::: MATERIAL FOR THIS TASK :::

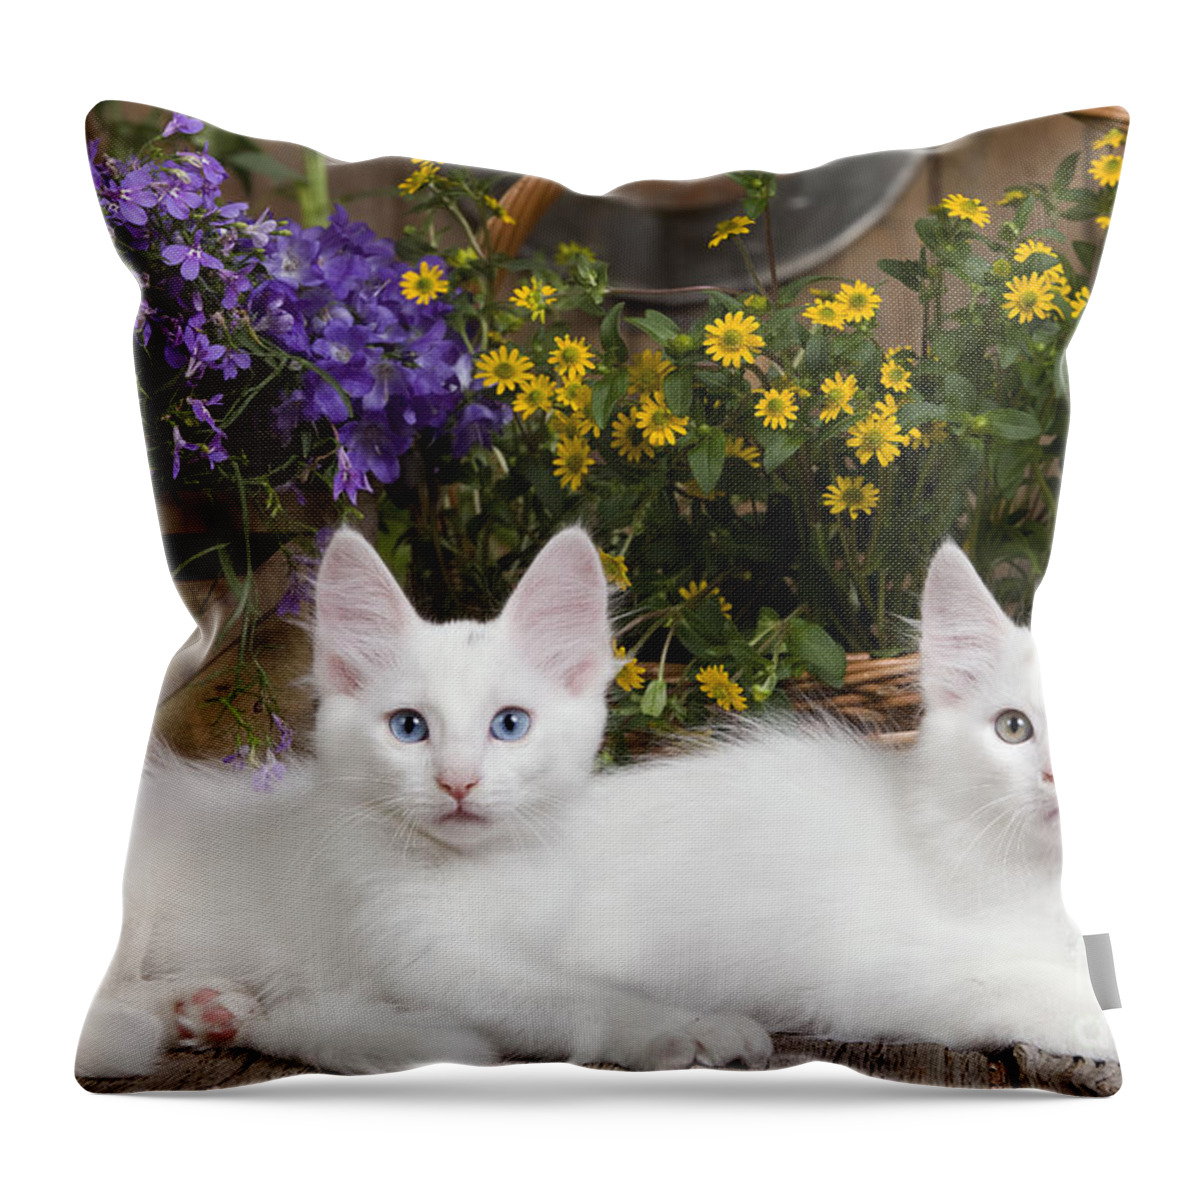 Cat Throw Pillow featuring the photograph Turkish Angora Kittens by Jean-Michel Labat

:::
::: MATERIAL FOR THIS TASK :::

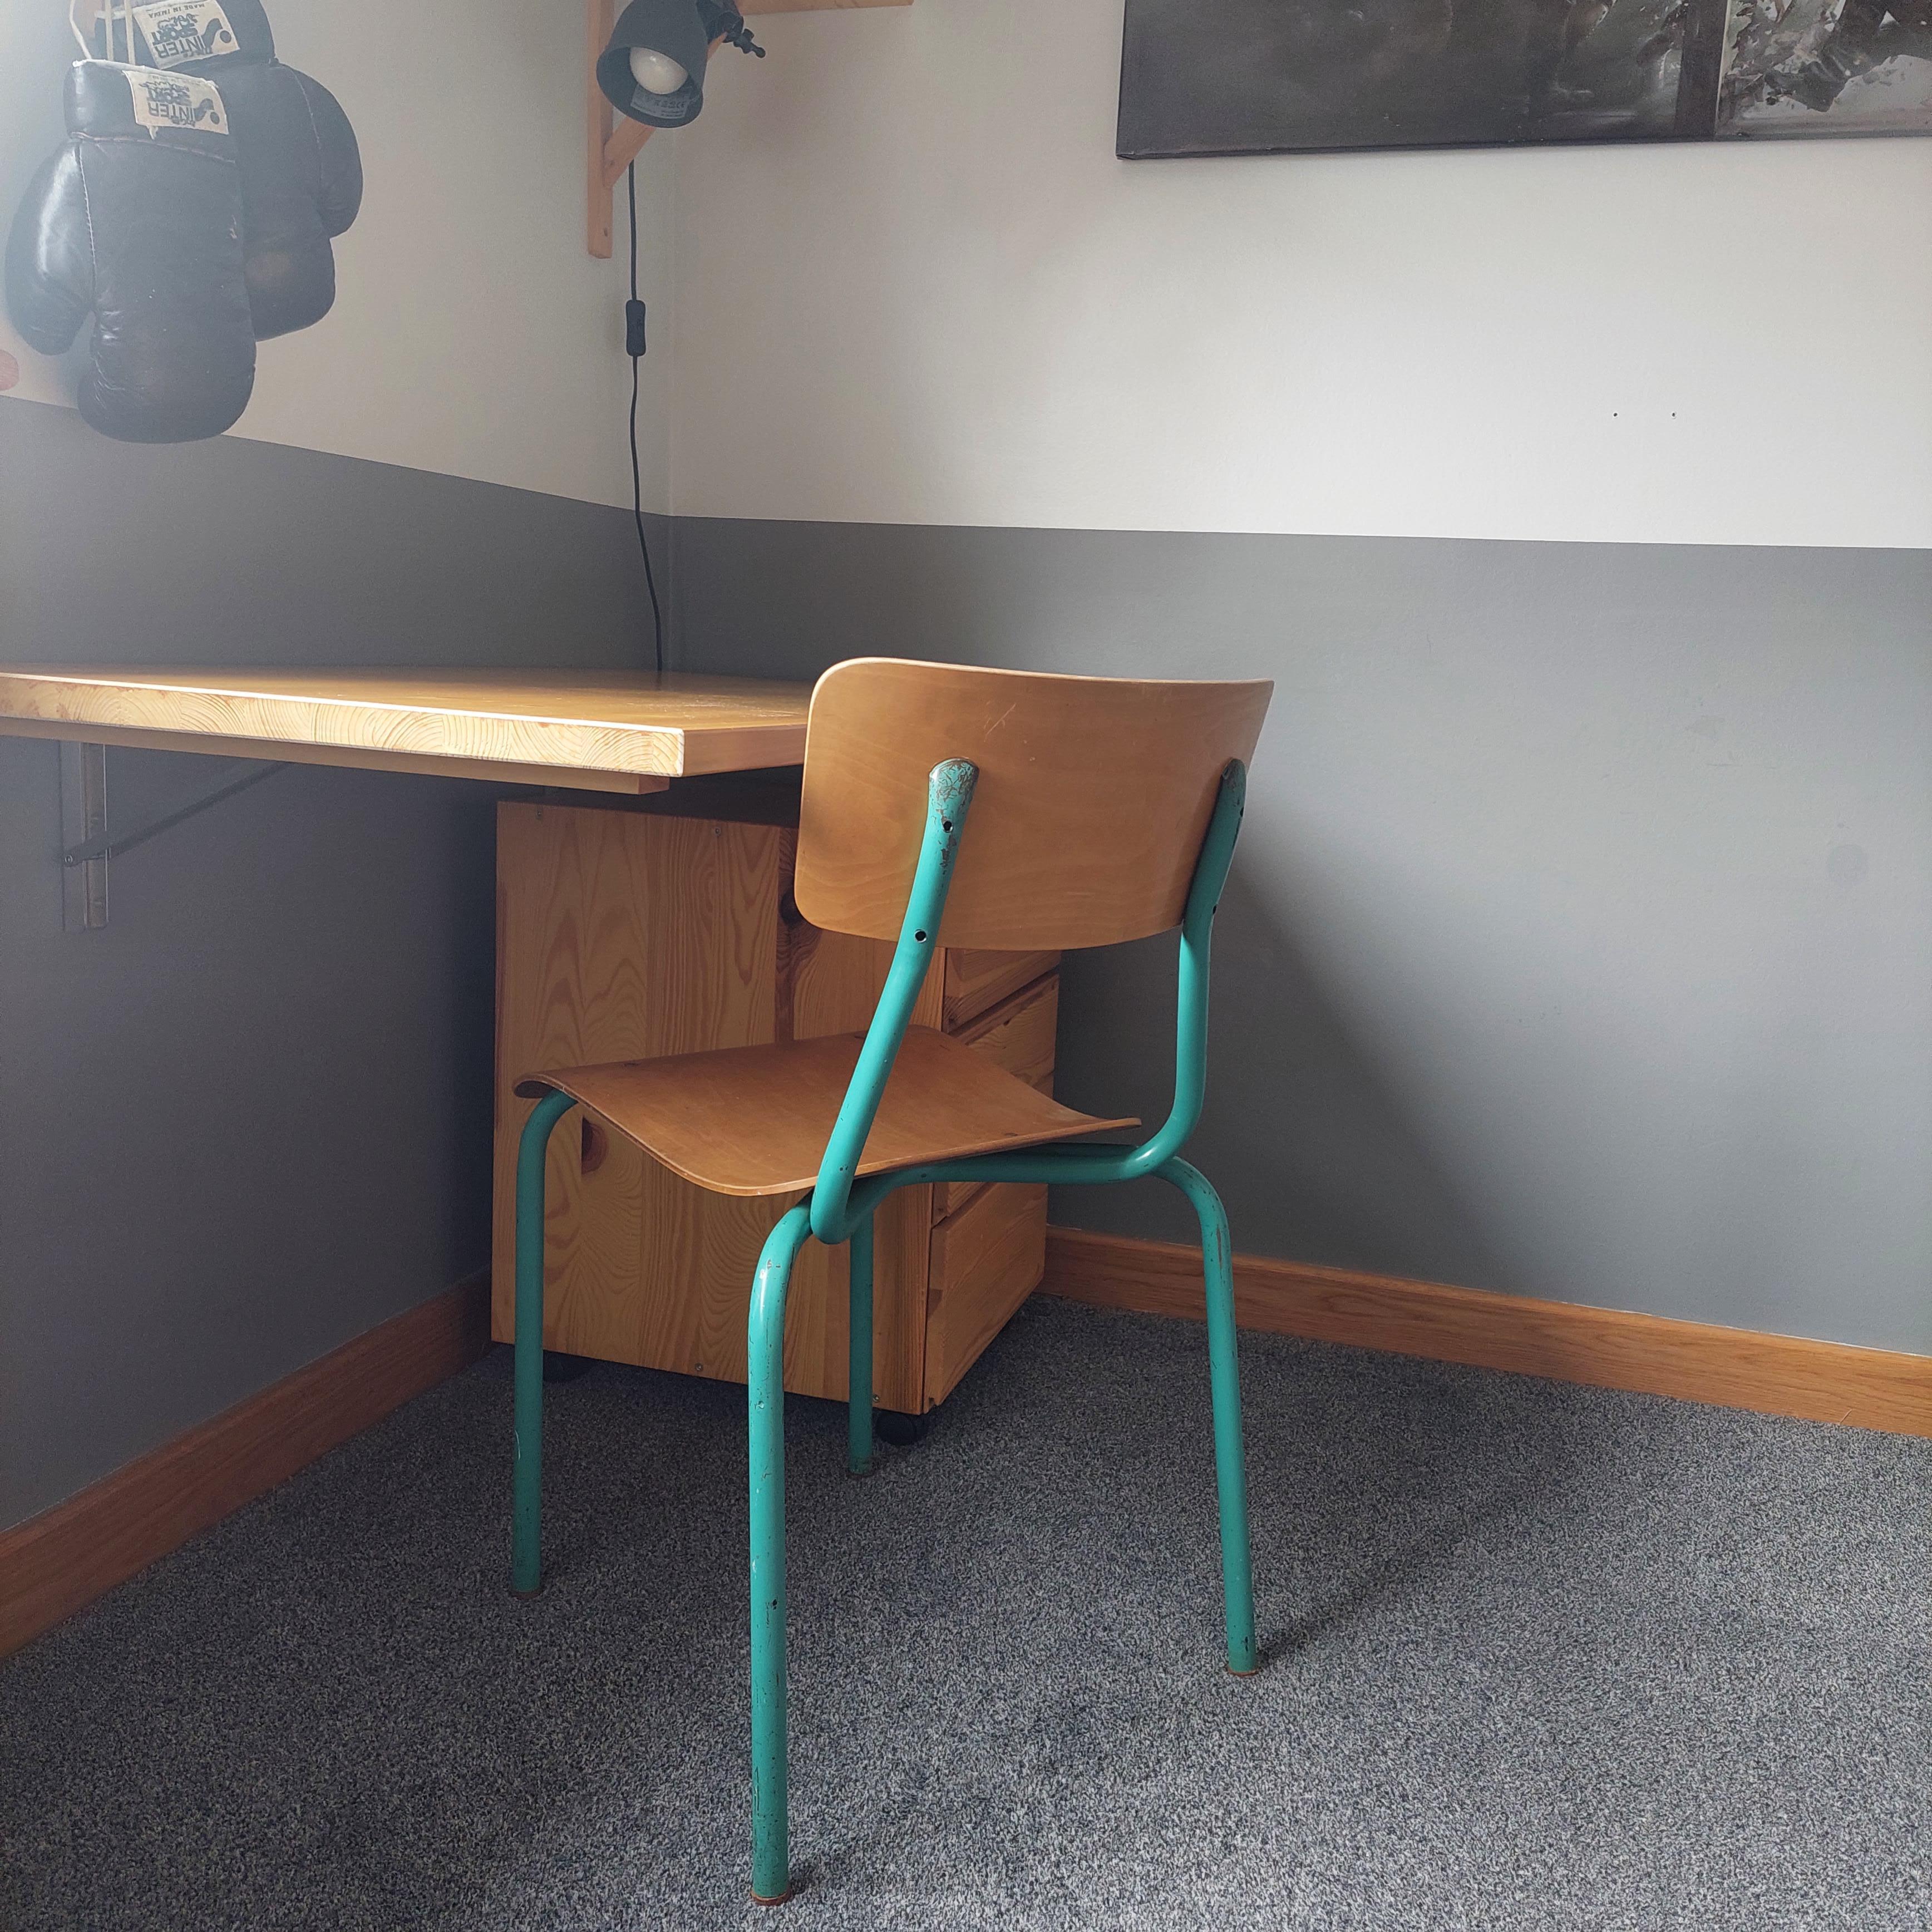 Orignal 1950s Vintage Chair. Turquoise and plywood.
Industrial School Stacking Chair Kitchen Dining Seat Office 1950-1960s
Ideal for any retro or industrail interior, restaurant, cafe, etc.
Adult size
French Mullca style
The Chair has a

:::

- **ABOUT THIS TASK**
Lines wanted from the listing above: the line with "Ideal for any" up to and including the line with "The Chair has a". Please write them out exactly, adding nothing else.

- **EXERCISE OUTPUT**
Ideal for any retro or industrail interior, restaurant, cafe, etc.
Adult size
French Mullca style
The Chair has a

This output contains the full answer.